Books are not like buses. They always seem to find their way into my life at exactly the right time and place, almost as if by appointment.
Last summer, it was an Agatha Christie for summer afternoons in the hammock. There was also the script for the latest exploits of Harry Potter, keeping me gripped on a long journey, and there was the lyrical Meadowland for recuperation days sat in the bay window. In a previous year, Under the Tuscan Sun found me as I was moving to my own home in the country, finding my own kitchen table and cooking my own recipes, my story and Frances Mayes’ becoming strangely mirrored. And there are a hundred or more other examples of stories catching my heart and sewing themselves into my daily journey, from childhood onward.
This year, there were two books I knew I wanted to begin the year with. Written by my two favourite writers, both were released at the end of last year and found themselves right at the top of my Christmas list.

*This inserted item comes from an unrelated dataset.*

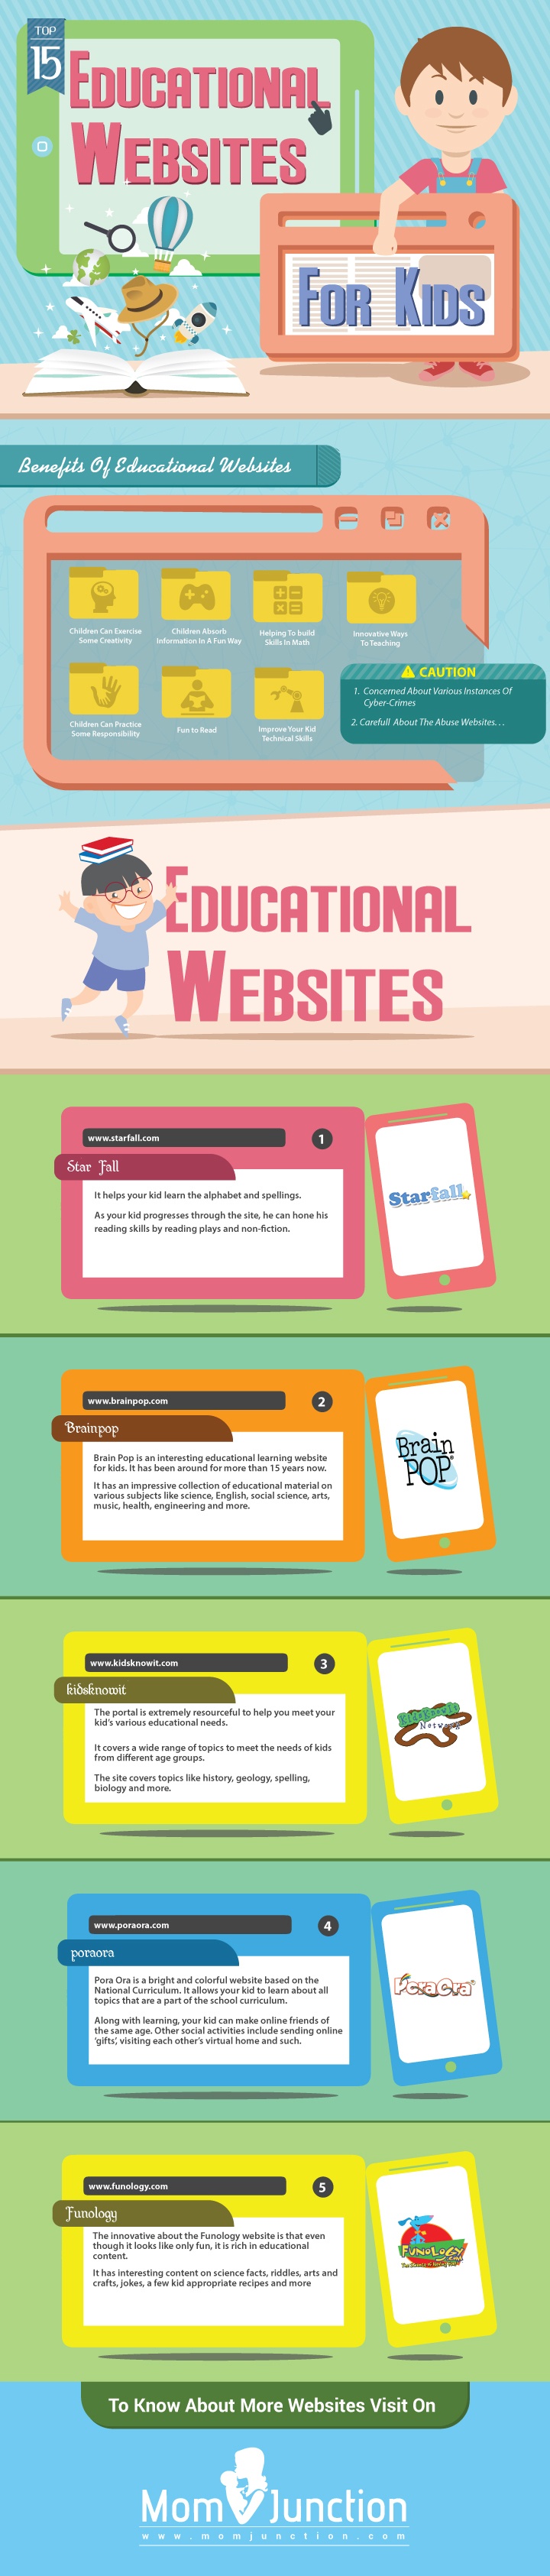 Top 5 Educational Websites For Kids Infographic

Ann Voskamp’s The Broken Way was deeply challenging and deeply freeing. It allowed me to accept my ‘brokenness’ – the stuff in my life that’s not all tied up in a bow yet, the unanswered questions, my heart’s aches and pains. The book encouraged me to not simply accept these parts of myself, but to love and value them. It made me see that often the truest and fullest life is not the one that is sorted, controlled and managed, but the one that is broken and given, full of love and vulnerability, honesty and openness. Sometimes our broken parts can be the parts of us that offer the most love, hope and grace to other people and to ourselves. It is easy to think that life is about productivity or happiness, but this book challenged me to see another purpose: to ‘live given’. I am still working out how that looks for me, but just that change of perspective has already made all the difference to how I see my disappointment and loss, stress, approaching 30, life ambitions and relationships.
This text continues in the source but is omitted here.